Por Luana Luizy, de Brasília
Em audiência na 6ª Câmara de Coordenação e Revisão do Ministério Público Federal (MPF) a vice-procuradora geral da República Deborah Duprat manifestou ao movimento indígena repúdio à Portaria 303, da Advocacia Geral da União (AGU). “Caso não ocorra uma reação forte contra toda essa conspiração a situação vai piorar”, alertou Deborah.
A vice-procuradora afirmou que sob pressão da Anistia Internacional, a Corte Interamericana de Direitos Humanos determinou que a consulta prévia e informada é imprescindível aos povos e que, portanto, deve ser um consenso.
“O problema é que todos estes atos administrativos já estão surtindo efeito na prática, todos estão utilizando estes atos contra nós. A minha preocupação é que desde que saiu essas condicionantes, as propostas legislativas estão sendo baseadas nelas para entrar em nossas terras”, afirma Rosane Kaingang.

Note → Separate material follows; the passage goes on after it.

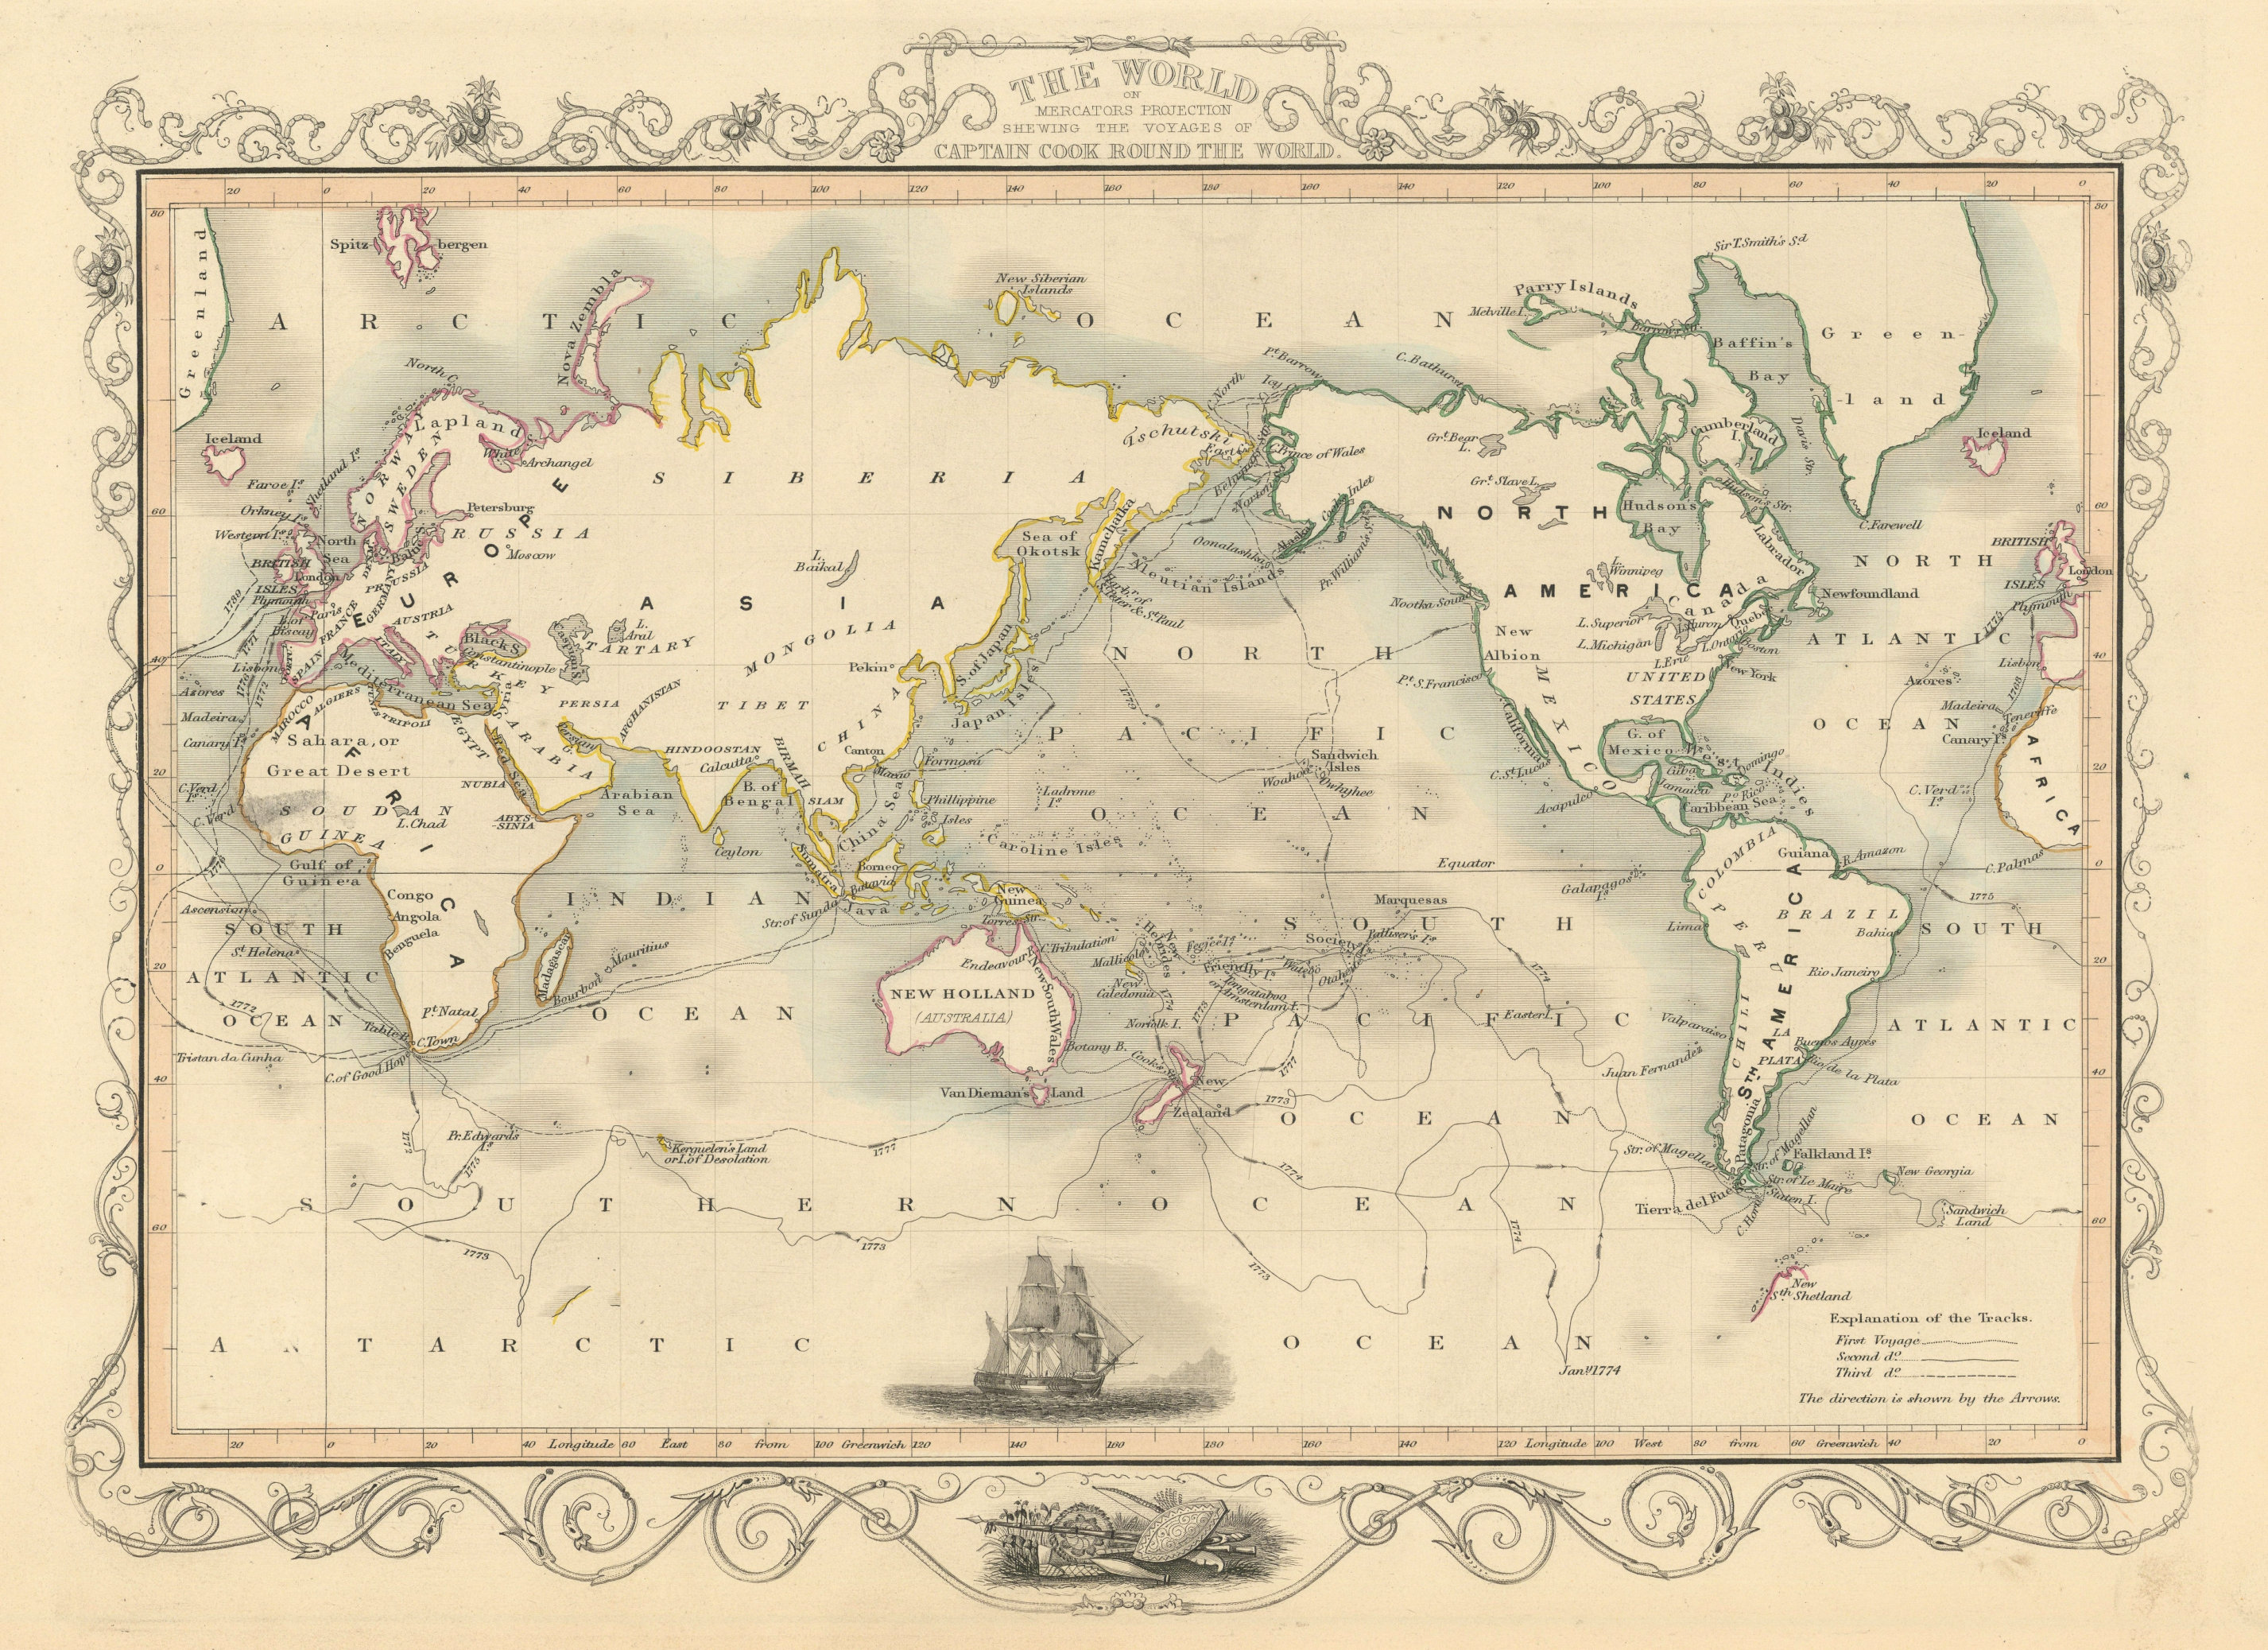 Associate Product THE WORLD. 'Shewing the voyages of Captain Cook'. TALLIS/RAPKIN 1851 old map

Presentes no encontro, os servidores da Funai em greve denunciaram a possibilidade da demarcação das terras indígenas passarem pelo Ministério de Minas e Energia e pedem que a presidente do órgão indigenista estatal, Marta Azevedo, dê retratações sobre tal possibilidade.
Os servidores também mencionaram que um relatório de pauta de reivindicações trabalhistas foi entregue à presidência da Funai. No documento denunciam o caos administrativo dentro do órgão e exigem um posicionamento institucional sobre essa questão, assim como orientação da presidência a respeito dos processos de regularização fundiária.
As lideranças indígenas denunciaram ainda que nos bastidores a Portaria 303 já estava sendo articulada. Além disso, já teria sido pautada entre a AGU e Ministério da Justiça, pois caso contrário não haveria um artigo fazendo referência a uma possível regulamentação via ministro da Justiça.
“A portaria foi publicada no Supremo em um contexto da petição 3388, que trata da demarcação da Terra Indígena Raposa Serra do Sol. A luta agora é para que o Executivo recue e revogue a Portaria”, pontua Cléber Buzatto, secretário-executivo do Conselho Indigenista Missionário (Cimi).
Efeitos da Portaria 303
A portaria pretende estender condicionantes decididas pelo Supremo Tribunal Federal (STF) na Ação Judicial contra a Terra Indígena Raposa Serra do Sol para as demais terras indígenas. Porém, a decisão dos ministros ainda não transitou em julgado e essas condicionantes podem sofrer modificações ou serem anuladas.
Justificando “flagrante inconstitucionalidade”, juristas, como Dalmo Dallari, e setores do próprio governo federal se levantaram contra a portaria. Durante o contexto de publicação da medida, a presidente da Funai, Marta Azevedo, revelou estar sendo pressionada. Para o movimento indígena e indigenista, justamente pelos interesses e interessados que articularam a iniciativa da AGU.
Isso porque a Portaria 303 determina, entre outras medidas, que as terras indígenas podem ser ocupadas por unidades, postos e demais intervenções militares, malhas viárias, empreendimentos hidrelétricos e minerais de cunho estratégico, sem consulta aos povos. Por um mero instrumento, a AGU desconstrói o direito constitucional indígena de usufruto exclusivo da terra de ocupação tradicional.
Desconsidera, assim, a Convenção 169 da Organização Internacional do Trabalho (OIT), da qual o Brasil é signatário desde 2004. Para os indígenas, o governo federal é cínico ao não revogar a portaria, publicada no momento em que os povos indígenas são chamados para “dialogar” sobre a promoção e a proteção dos direitos indígenas no âmbito da Comissão Nacional de Política Indigenista (CNPI) e para regulamentar a Convenção 169.
Por fim, a Portaria 303 determina a revisão das demarcações em curso ou já demarcadas que não estiverem de acordo com o que o STF decidiu para o caso da Terra Indígena Raposa Serra do Sol – ou melhor, ainda não decidiu.